What you will do: From the first line of the listing below to the line with "of AML-related activities?", print each line exactly, and nothing more. Leave out the pictures.

Dataset extract:

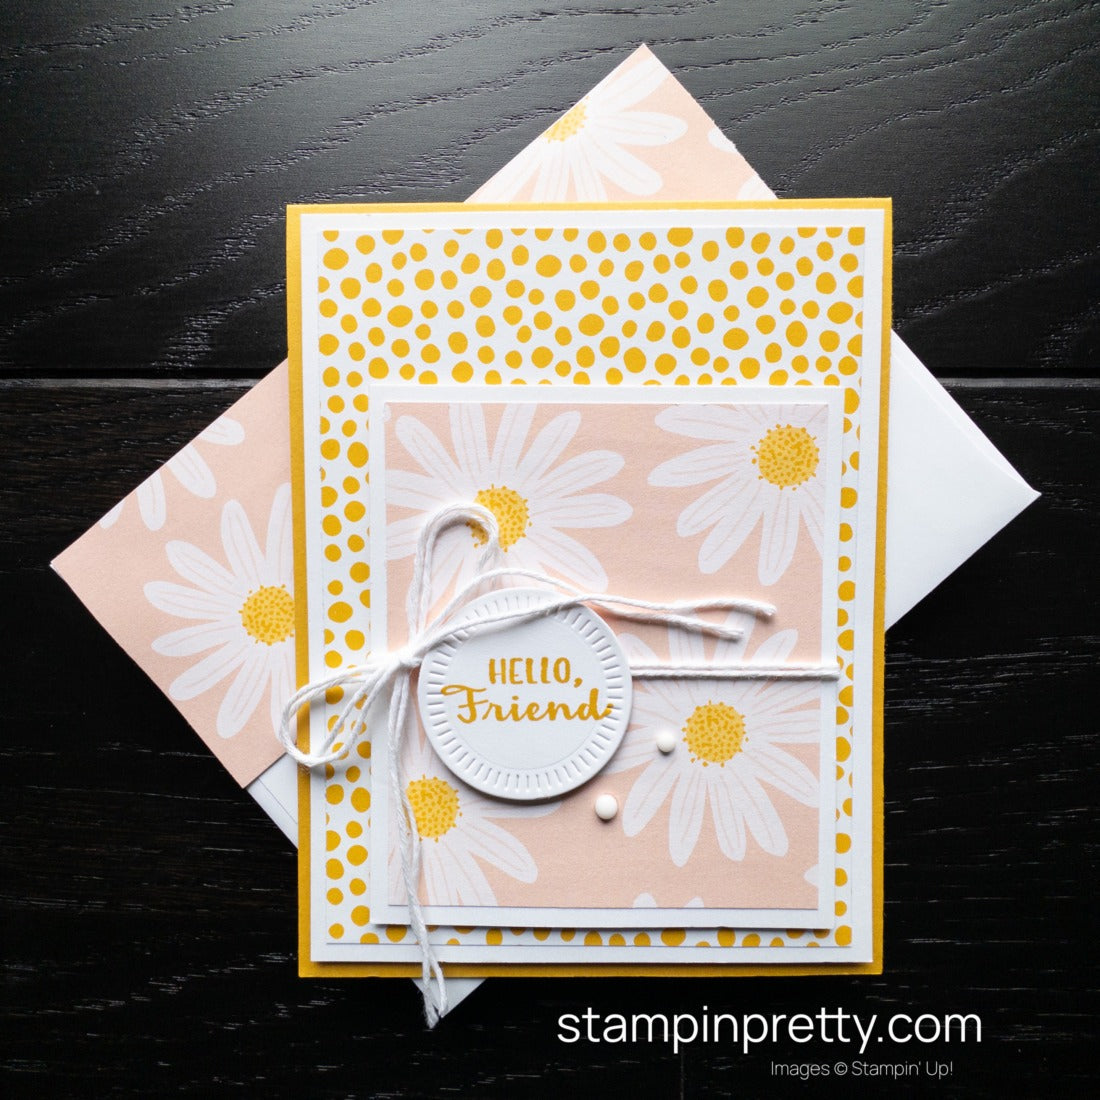 Stampin' Up! Delightfully Eclectic DSP
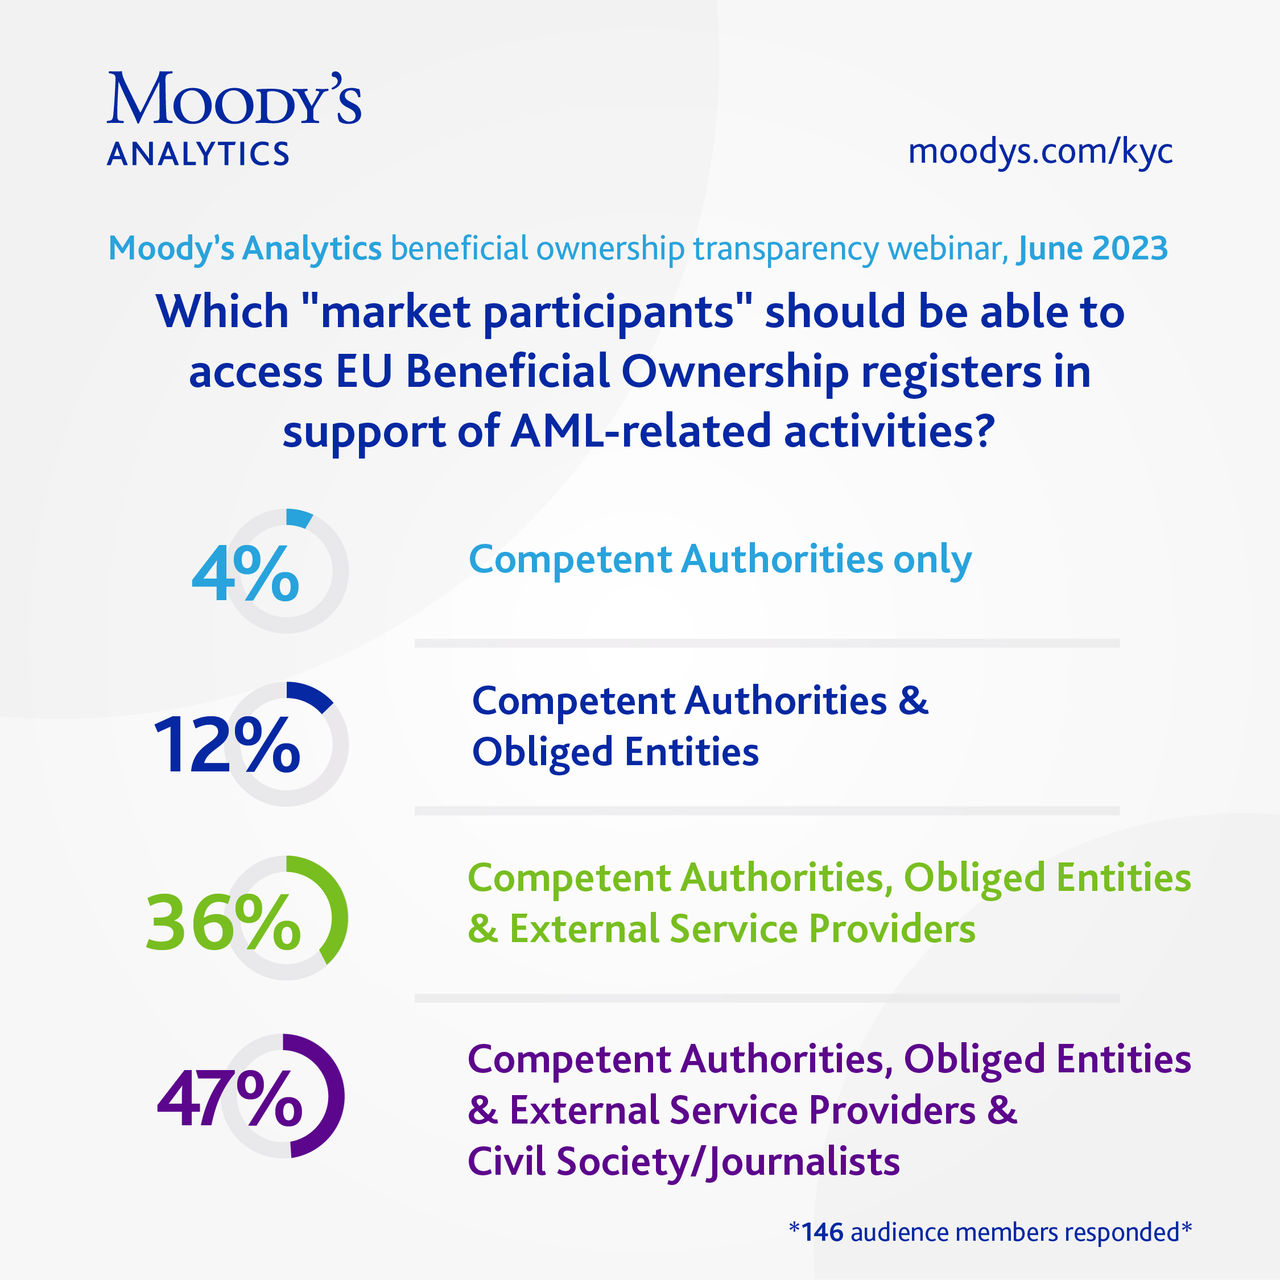 Which "market participants" should be able to access EU Beneficial Ownership registers in support of AML-related activities?
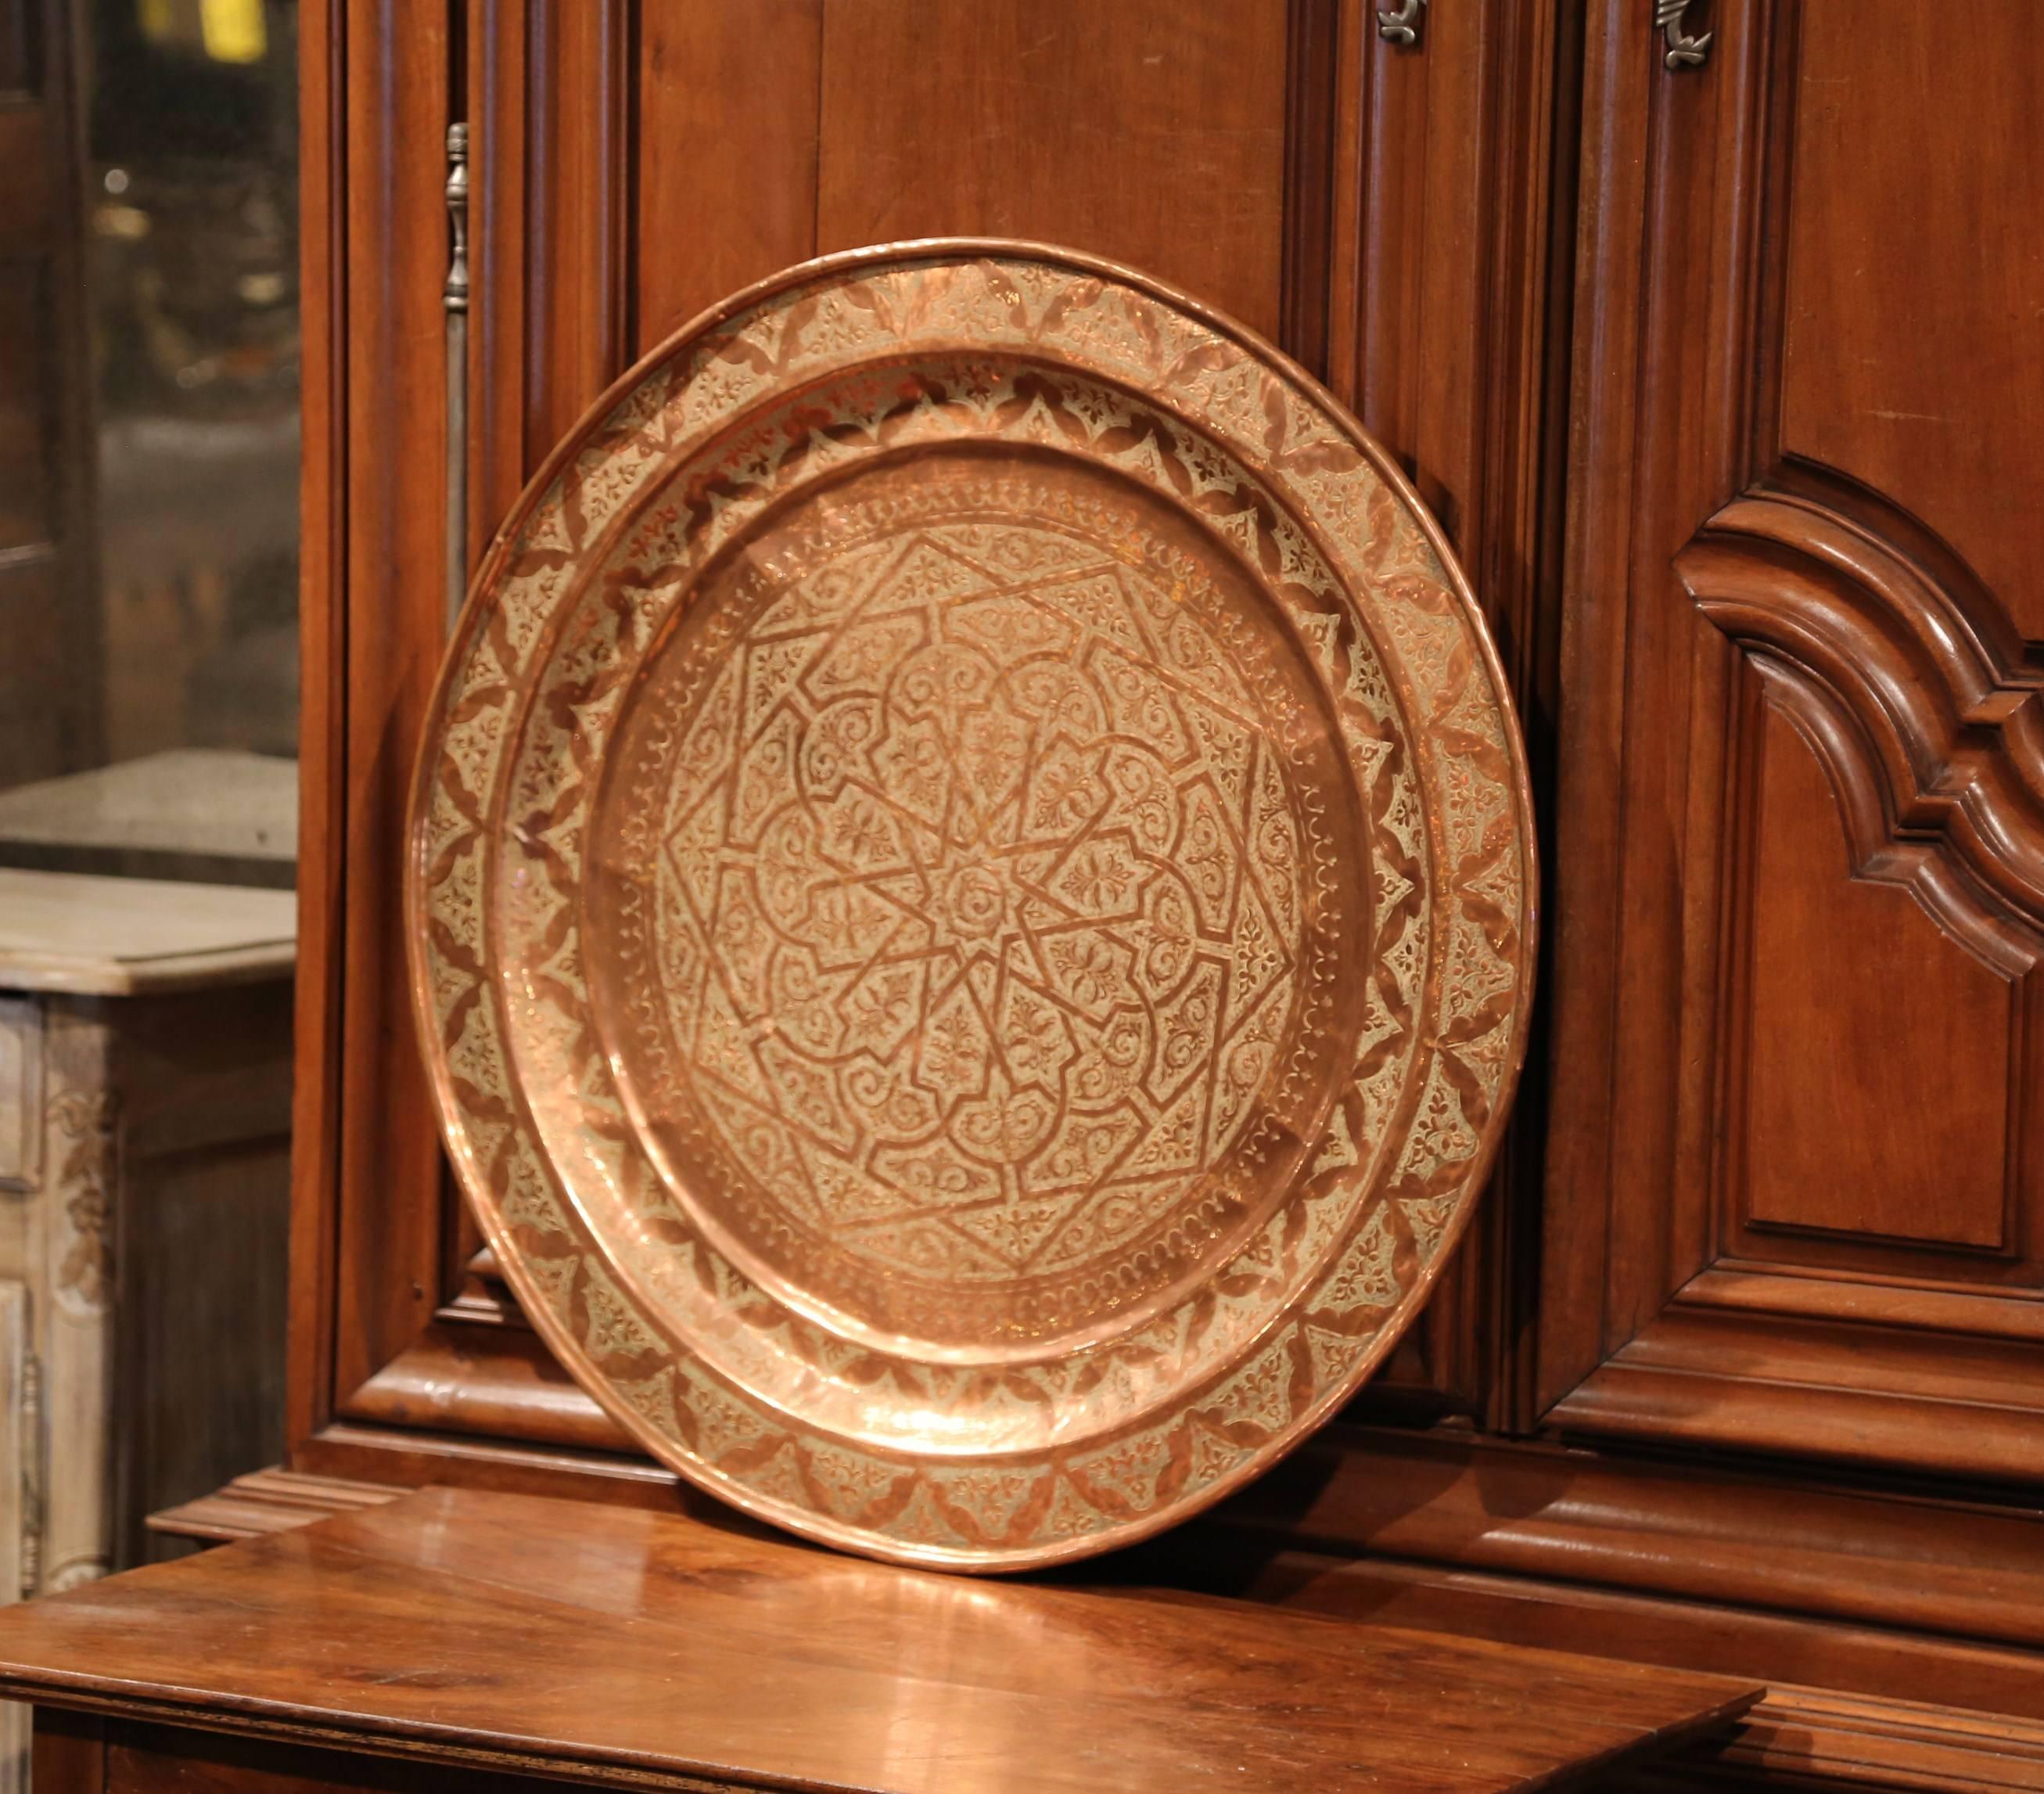 This large, turn of the century tray was crafted in France, circa 1920. The round tray has engraved, geometric motifs with a star in the centre. The tray is surrounded by a raised edge with a looped treatment and has a back hook for easy hanging.

Answer space:
 Stampin' Up! Delightfully Eclectic DSP
 Which "market participants" should be able to access EU Beneficial Ownership registers in support of AML-related activities?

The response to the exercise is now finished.